Each person designated by the broker, dealer or municipal securities dealer as a municipal finance professional pursuant to rule G-8(a)(xvi) is deemed to be a municipal finance professional. [Each person designated a municipal finance professional shall retain this designation for two years after the last activity or position which gave rise to the designation.] Persons designated as municipal finance professionals pursuant to subparagraphs (A) and (B) shall retain this designation for one year after the last activity or position that gave rise to the designation.

(v) through (viii) No change.

(h) No change.

(i) A registered securities association with respect to a broker, dealer or municipal securities dealer who is a member of such association, or the appropriate regulatory agency as defined in Section 3(a)(34) of the Act with respect to any other broker, dealer or municipal securities dealer, upon application, may exempt, conditionally or unconditionally, a broker, dealer or municipal securities dealer who is prohibited from engaging in municipal securities business with an issuer pursuant to section (b) of this rule from such prohibition. In determining whether to grant such exemption, the registered securities association or appropriate regulatory agency shall consider, among other factors [whether]:

(i) whether such exemption is consistent with the public interest, the protection of investors and the purposes of this rule; [and]
(ii) whether such broker, dealer or municipal securities dealer
(A) prior to the time the contribution(s) which resulted in such prohibition was made, had developed and instituted procedures reasonably designed to ensure compliance with this rule;
(B) prior to or at the time the contribution(s) which resulted in such prohibition was made, had no actual knowledge of the contribution(s);
(C) has taken all available steps to cause the [person or persons] contributor involved in making the contribution(s) which resulted in such prohibition to obtain a return of the contribution(s); and
(D) has taken such other remedial or preventive measures, as may be appropriate under the circumstances[.] , and the nature of such other remedial or preventive measures directed specifically toward the contributor who made the relevant contribution and all employees of the broker, dealer or municipal securities dealer;

(iii) whether, at the time of the contribution, the contributor was a municipal finance professional or otherwise an employee of the broker, dealer or municipal securities dealer, or was seeking such employment;

(iv) the timing and amount of the contribution which resulted in the prohibition;

(v) the nature of the election (e.g, federal, state or local); and
(vi)the contributor’s apparent intent or motive in making the contribution which resulted in the prohibition, as evidenced by the facts and circumstances surrounding such contribution.

(j) Automatic Exemptions.

(i) A broker, dealer or municipal securities dealer that is prohibited from engaging in municipal securities business with an issuer pursuant to section (b) of this rule as a result of a contribution made by a municipal finance professional may exempt itself from such prohibition, subject to subparagraphs (ii) and (iii) of this section, upon satisfaction of the following requirements: (1) the broker, dealer or municipal securities dealer must have discovered the contribution which resulted in the prohibition on business within four months of the date of such contribution; (2) such contribution must not have exceeded $250; and (3) the contributor must obtain a return of the contribution within 60 calendar days of the date of discovery of such contribution by the broker, dealer or municipal securities dealer.

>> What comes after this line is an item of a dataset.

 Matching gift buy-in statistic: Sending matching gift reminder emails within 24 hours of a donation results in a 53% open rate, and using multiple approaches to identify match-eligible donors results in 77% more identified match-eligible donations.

(ii) A broker, dealer or municipal securities dealer is entitled to no more than two automatic exemptions per 12-month period.

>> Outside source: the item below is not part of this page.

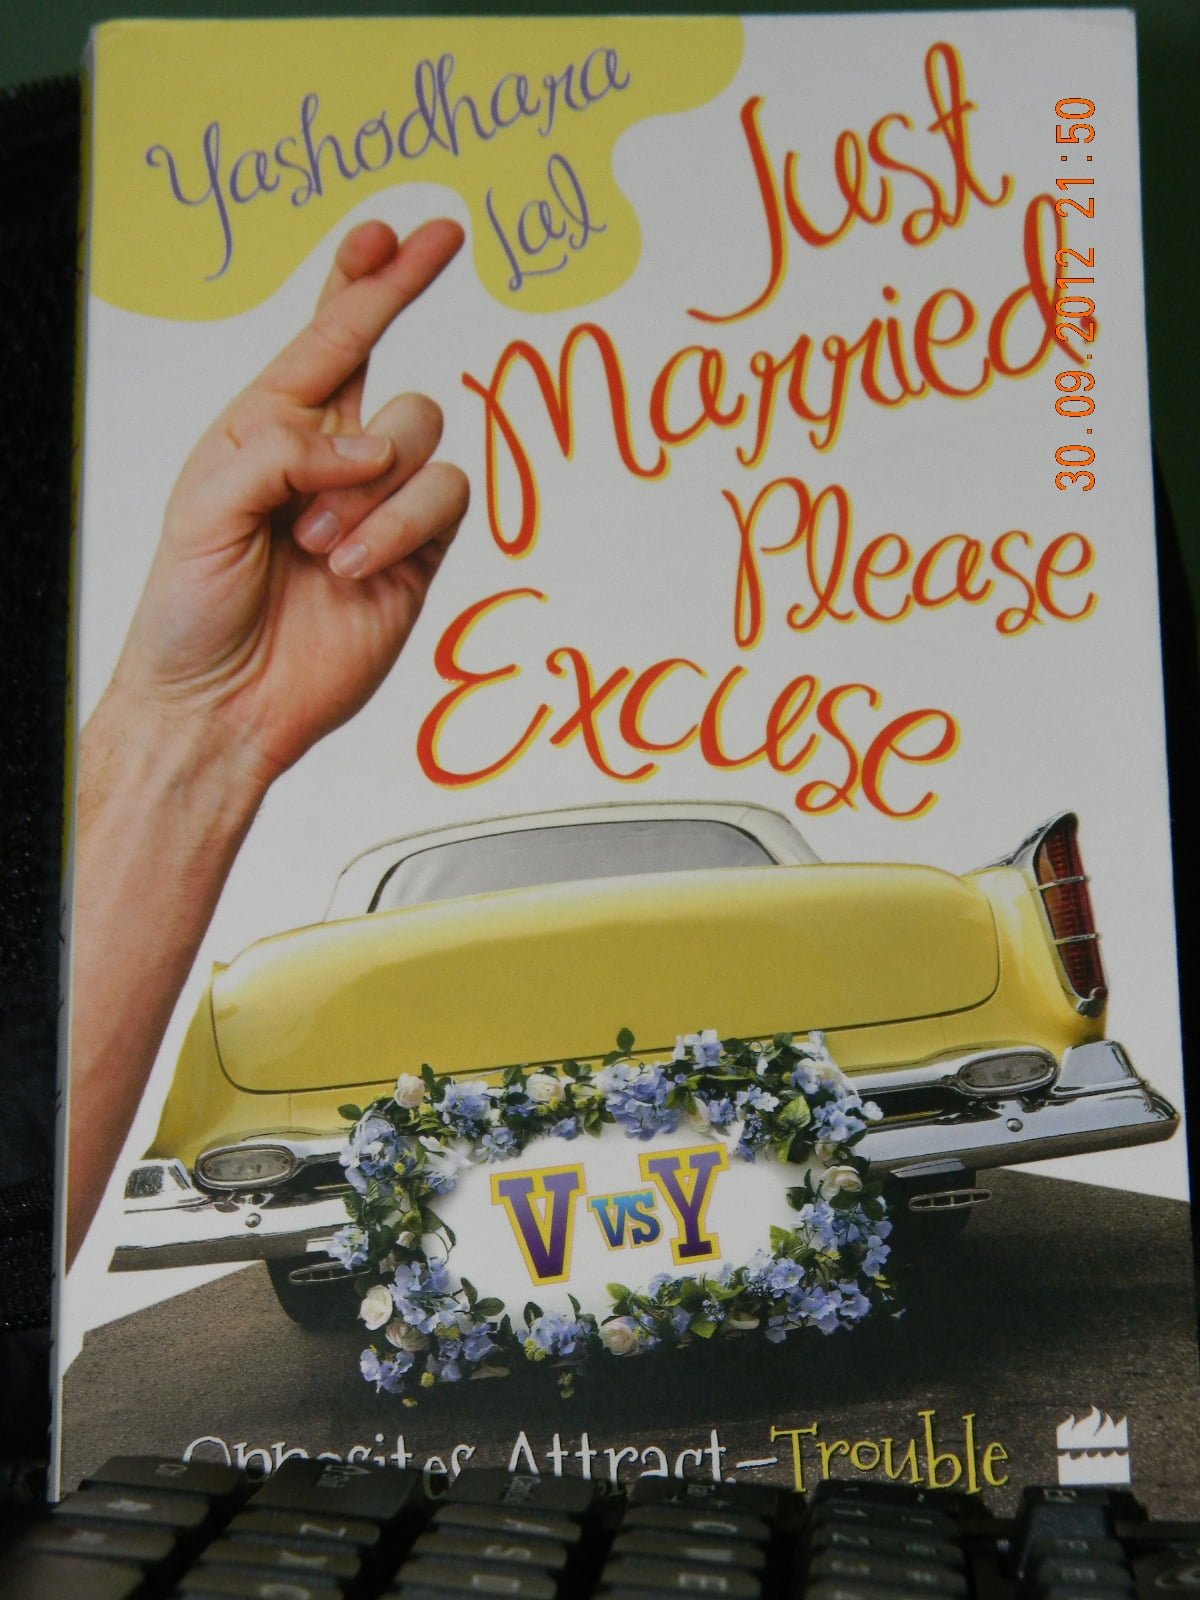 JUST MARRIED PLEASE EXCUSE YASHODHARA LALL

(iii) A broker, dealer or municipal securities dealer may not execute more than one automatic exemption relating to contributions by the same municipal finance professional regardless of the time period.

*  *  *  *  *

Rule G-8: Books and Records to be Made by Brokers, Dealers and Municipal Securities Dealers

(a) Description of Books and Records Required to be Made. Except as otherwise specifically indicated in this rule, every broker, dealer and municipal securities dealer shall make and keep current the following books and records, to the extent applicable to the business of such broker, dealer or municipal securities dealer:

(i) - (xv) No change.
(xvi) Records Concerning Political Contributions and Prohibitions on Municipal Securities Business Pursuant to Rule G-37.
Records reflecting:
(A)– (D) No change.
(E) the contributions, direct or indirect, to officials of an issuer and payments, direct or indirect, made to political parties of states and political subdivisions, by the broker, dealer or municipal securities dealer and each political action committee controlled by the broker, dealer or municipal securities dealer [(or controlled by any municipal finance professional of such broker, dealer or municipal securities dealer)] for the current year and separate listings for each of the previous two calendar years, which records shall include: (i) the identity of the contributors, (ii) the names and titles (including any city/county/state or other political subdivision) of the recipients of such contributions and payments, and (iii) the amounts and dates of such contributions and payments;
(F) the contributions, direct or indirect, to officials of an issuer made by each municipal finance professional, any political action committee controlled by a municipal finance professional, and non-MFP executive officer for the current year [and separate listings for each of the previous two calendar years], which records shall include: (i) the names, titles, city/county and state of residence of contributors, (ii) the names and titles (including any city/county/state or other political subdivision) of the recipients of such contributions, [and] (iii) the amounts and dates of such contributions, and (iv) whether any such contribution was the subject of an automatic exemption, pursuant to Rule G-37(j), including the amount of the contribution, the date the broker, dealer or municipal securities dealer discovered the contribution, the name of the contributor, and the date the contributor obtained a return of the contribution; provided, however, that such records need not reflect any contributions made by a municipal finance professional or non-MFP executive officer to officials of an issuer for whom such person is entitled to vote if the contributions made by such person, in total, are not in excess of $250 to any official of an issuer, per election[; and]. In addition, brokers, dealers and municipal securities dealers shall maintain separate listings for each of the previous two calendar years containing the information required pursuant to this subparagraph (F) for those individuals meeting the definition of municipal finance professional pursuant to subparagraphs (A) and (B) of rule G-37(g)(iv) and for any political action committee controlled by such individuals; and

(G) the payments, direct or indirect, to political parties of states and political subdivisions made by all municipal finance professionals, any political action committee controlled by a municipal finance professional, and non-MFP executive officers for the current year [and separate listings for each of the previous two calendar years], which records shall include: (i) the names, titles, city/county and state of residence of contributors, (ii) the names and titles (including any city/county/state or other political subdivision) of the recipients of such payments, and (iii) the amounts and dates of such payments; provided, however, that such records need not reflect those payments made by any municipal finance professional or non-MFP executive officer to a political party of a state or political subdivision in which such persons are entitled to vote if the payments made by such person, in total, are not in excess of $250 per political party, per year. In addition, brokers, dealers and municipal securities dealers shall maintain separate listings for each of the previous two calendar years containing the information required pursuant to this subparagraph (G) for those individuals meeting the definition of municipal finance professional pursuant to subparagraphs (A) and (B) of rule G-37(g)(iv) and for any political action committee controlled by such individuals.

(H)– (K) No change.

* * * * * *

FORM G-37/G-38

Name of dealer: ________________________________________________________

Report period: _________________________________________________________

I. CONTRIBUTIONS made to issuer officials (list by state)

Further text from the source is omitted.